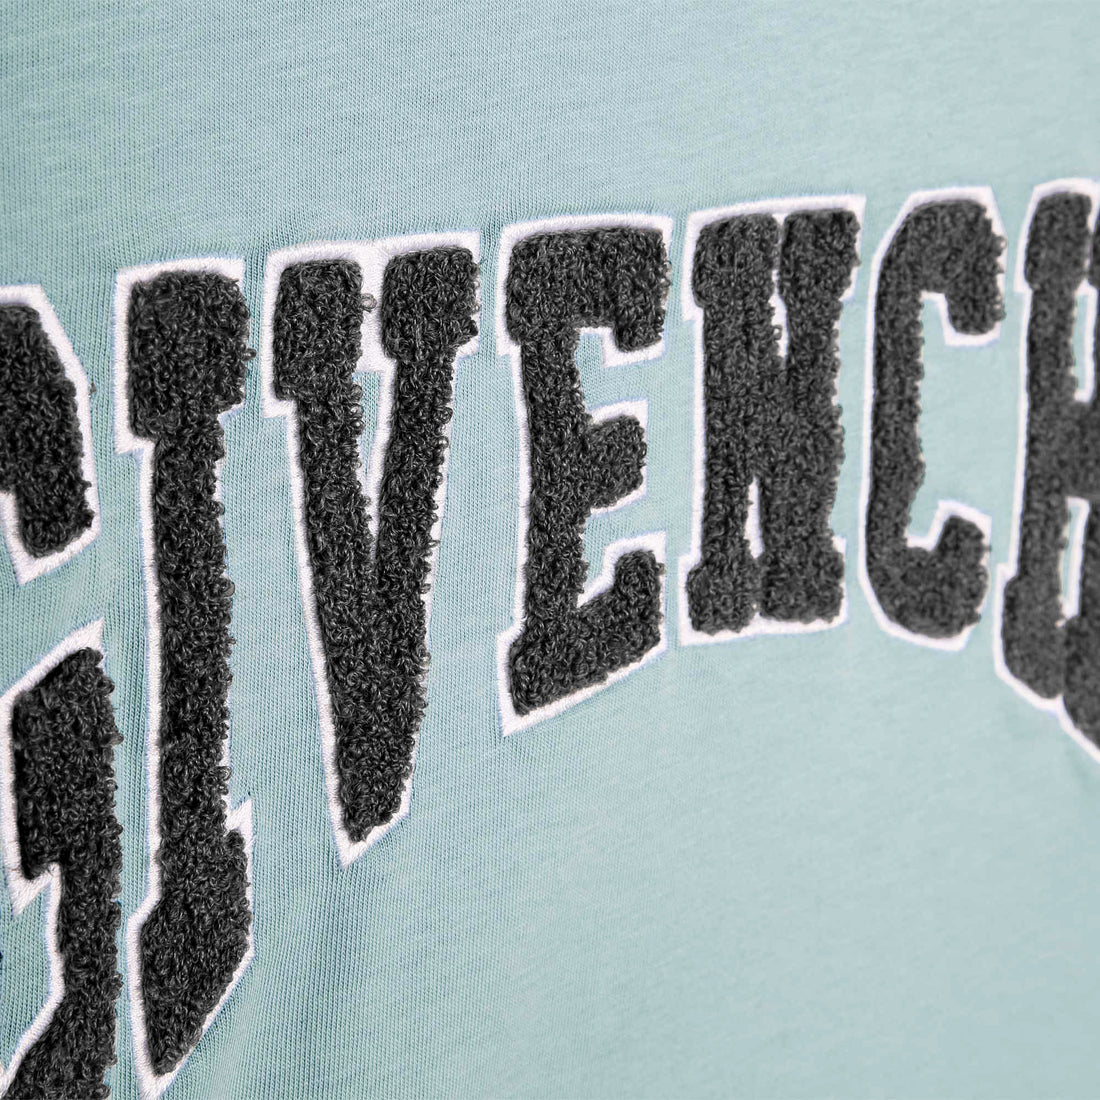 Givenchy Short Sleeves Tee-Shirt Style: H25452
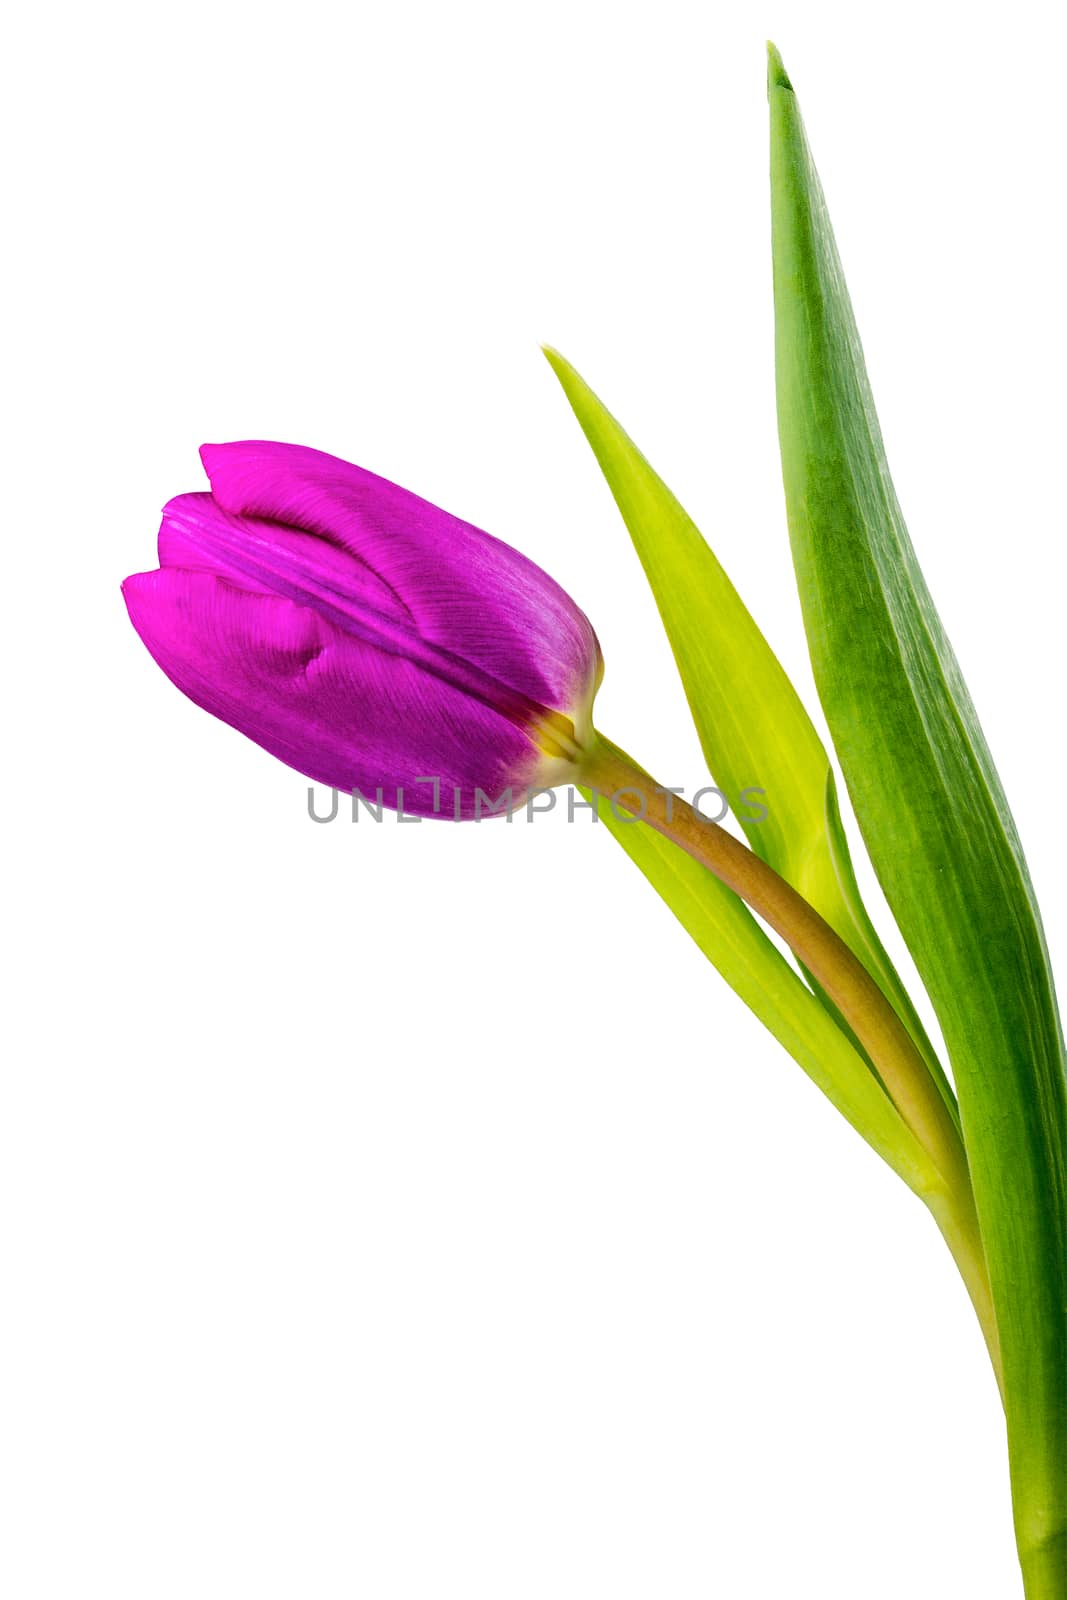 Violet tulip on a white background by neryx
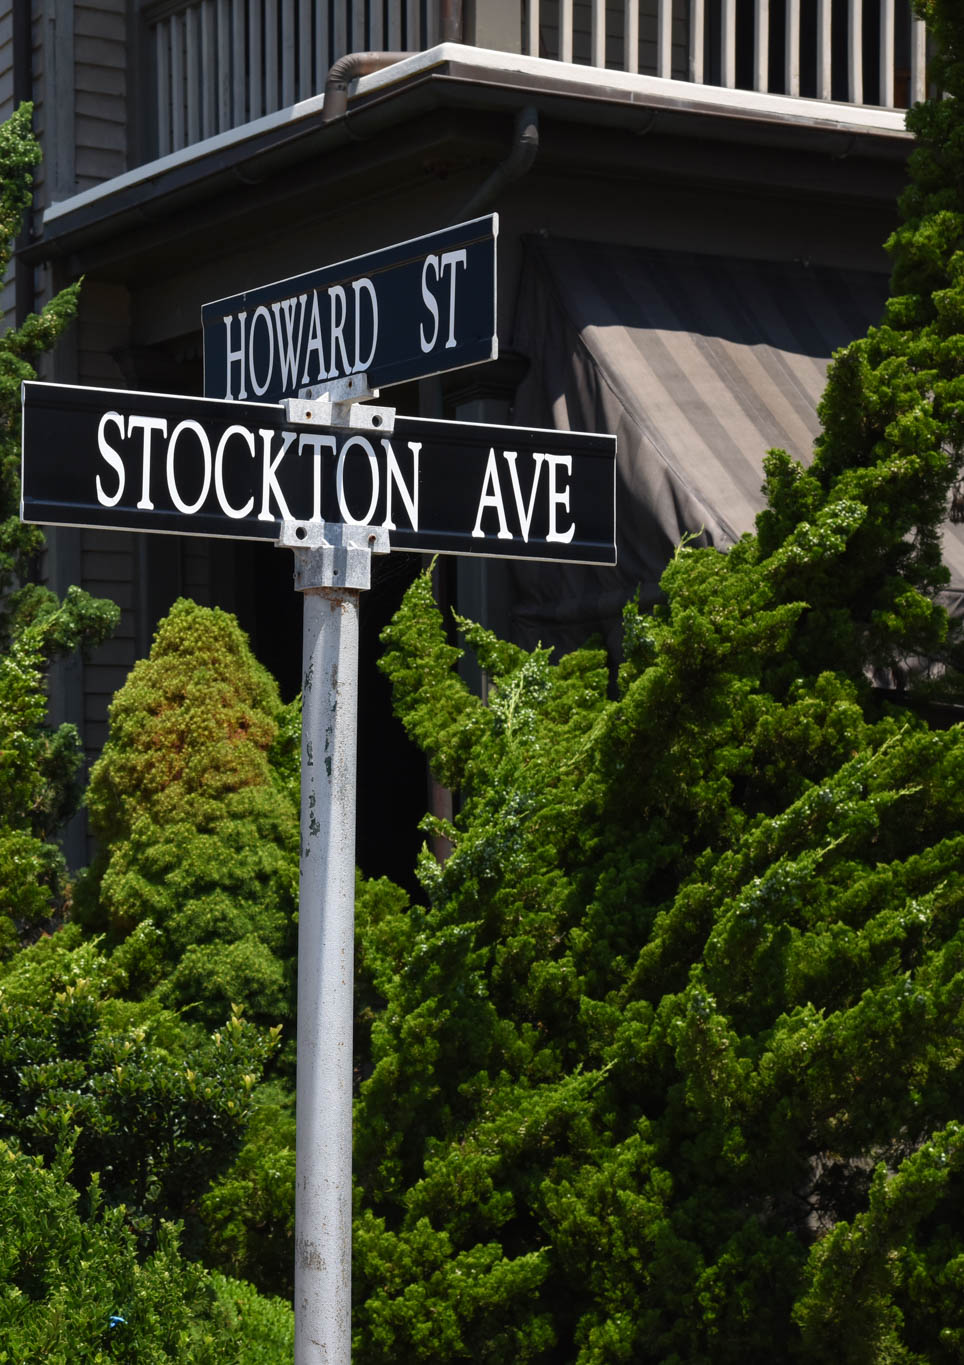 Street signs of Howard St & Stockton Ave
◇ ◇ ◇
• **Problem description**:
When you repeat the material above, keep every word exact and leave out the pictures.

• **Problem solution**:
 Givenchy Short Sleeves Tee-Shirt Style: H25452
 Violet tulip on a white background by neryx
 Street signs of Howard St & Stockton Ave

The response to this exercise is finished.